DELITO há dez anos

Ana Lima: «Fernando Pessoa assistiu ontem, impávido, não sei se sereno, sentado na sua cadeira, ao que acontecia à sua volta. Habituado a tardes calmas e turistas que se fazem fotografar na sua mesa, viu pessoas descontentes. Umas vestiam-se à civil. Outras tinham uniformes de polícias. Uns estavam ali porque decidiram fazer greve ou, não estando nessa situação, quiseram manifestar-se contra o que já todos sabemos e que é uma das piores situações económicas de que esta geração tem memória. Outros, sofrendo igualmente os efeitos dessa mesma crise, estavam ali em trabalho, tentando manter a segurança de uma manifestação dos que estão tão descontentes quanto eles.»

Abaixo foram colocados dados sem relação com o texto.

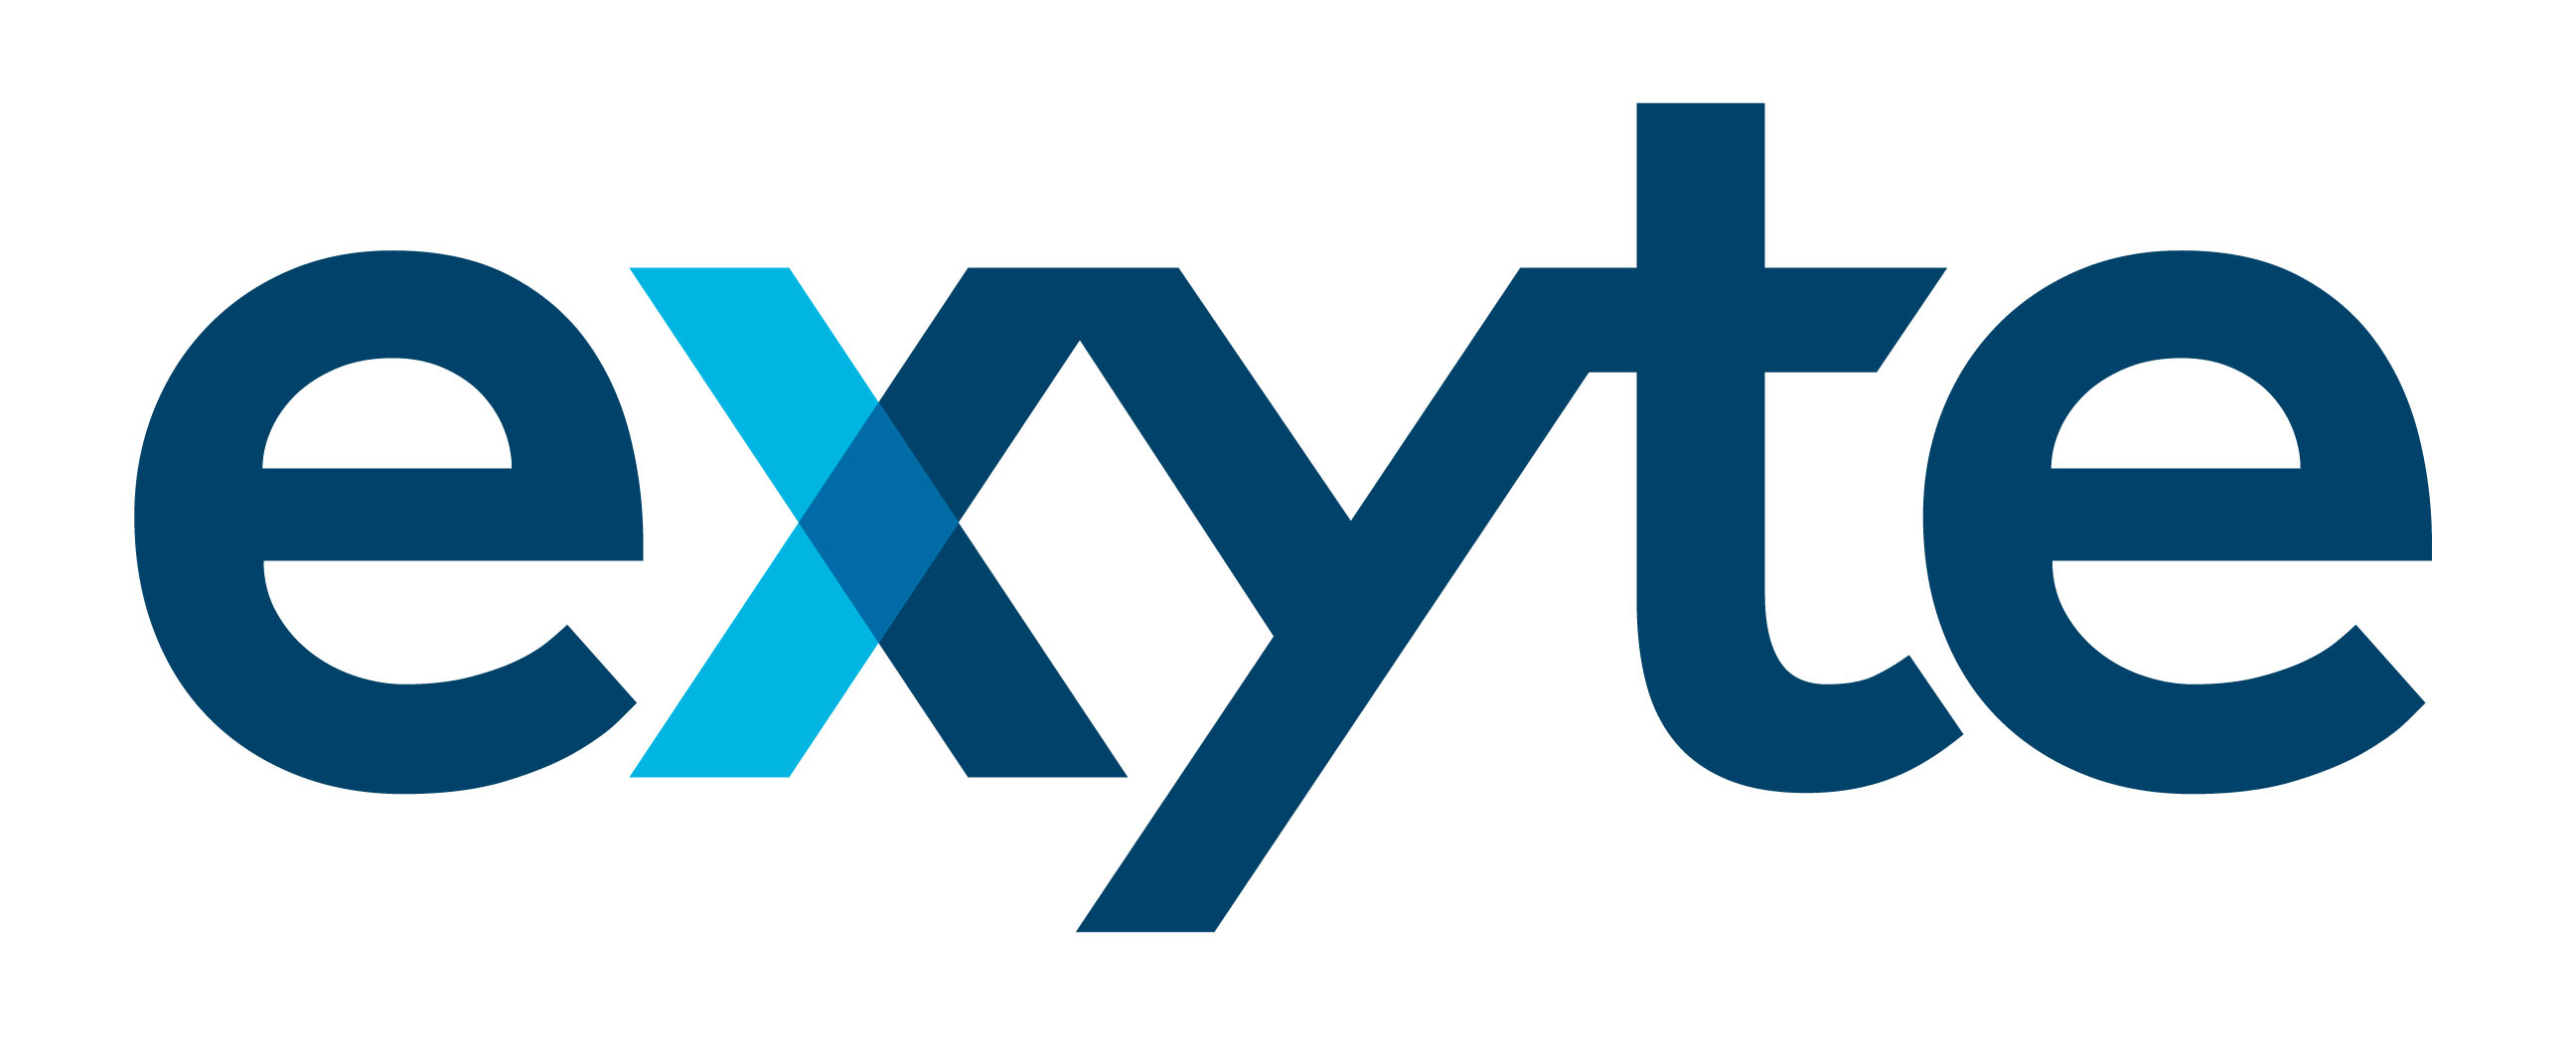 logo for Exyte Hargreaves Ltd

André Couto: «Ainda que provocada, o que não parece ter sido o caso, a Polícia não se pode comportar como um puto na idade do armário, a rebentar de testosterona, e ver cada impropério ou palavra de ordem como uma luta de galos. É para o evitar que é investida da possibilidade de uso da força e demais poderes que a lei lhe confere.»
Ivone Mendes da Silva: «Hesitei enquanto escolhia um retrato de Isabel de Cosme dos Médicis para encimar o post até me decidir por este de Bronzino. Eu tenho, como já se viu, uma predilecção pelos retratos em que ele pintou as Médicis. Gosto daquela oficial imobilidade, daquela pose para o pintor. São retratos que, sempre que os olho, me fazem pensar no tempo. No tempo delas e no tempo por detrás delas, a tapeçaria que não se vê mas que está lá, bordada de enredos, segredos e tragédias.»
João Carvalho: «O Morris Minor 1000 dos anos 50 faz parte das minhas primeiras memórias dos carros que podia devorar com os olhos e as mãos. Era do meu tio António, era café-com-leite e era um pequeno familiar que teve muito sucesso.»
Leonor Barros: «Leio e ouço em alguns órgãos de comunicação social que ontem a polícia carregou sobre os manifestantes em Lisboa. Diz que no estrangeiro, esse território mítico onde tudo corre bem excepto num país também à beira-mar plantado com quem alguns de nós não se querem paracer nem por nada deste mundo, também se falou da carga policial sobre os jornalistas, diz-se ainda que os jornalistas têm de se identificar para não levar tareia, porque o resto do povo pode levar à vontade.»
Luís Menezes Leitão: «É curioso que a língua inglesa utilize para designar a fotografia a expressão "snapshot", que nos dá a sensação simultânea de um tiro e de uma captura. Porque de facto quem tirou esta fotografia deu um tiro certeiro na imagem de Portugal em todo o mundo. Bem pode o Governo protestar que nada tem a ver com a Grécia, que a greve geral não conseguiu os objectivos visados, e que o povo apoia na sua esmagadora maioria o programa de ajustamento. Toda esta argumentação, por muito certa que esteja, se evapora perante uma imagem com esta brutalidade.»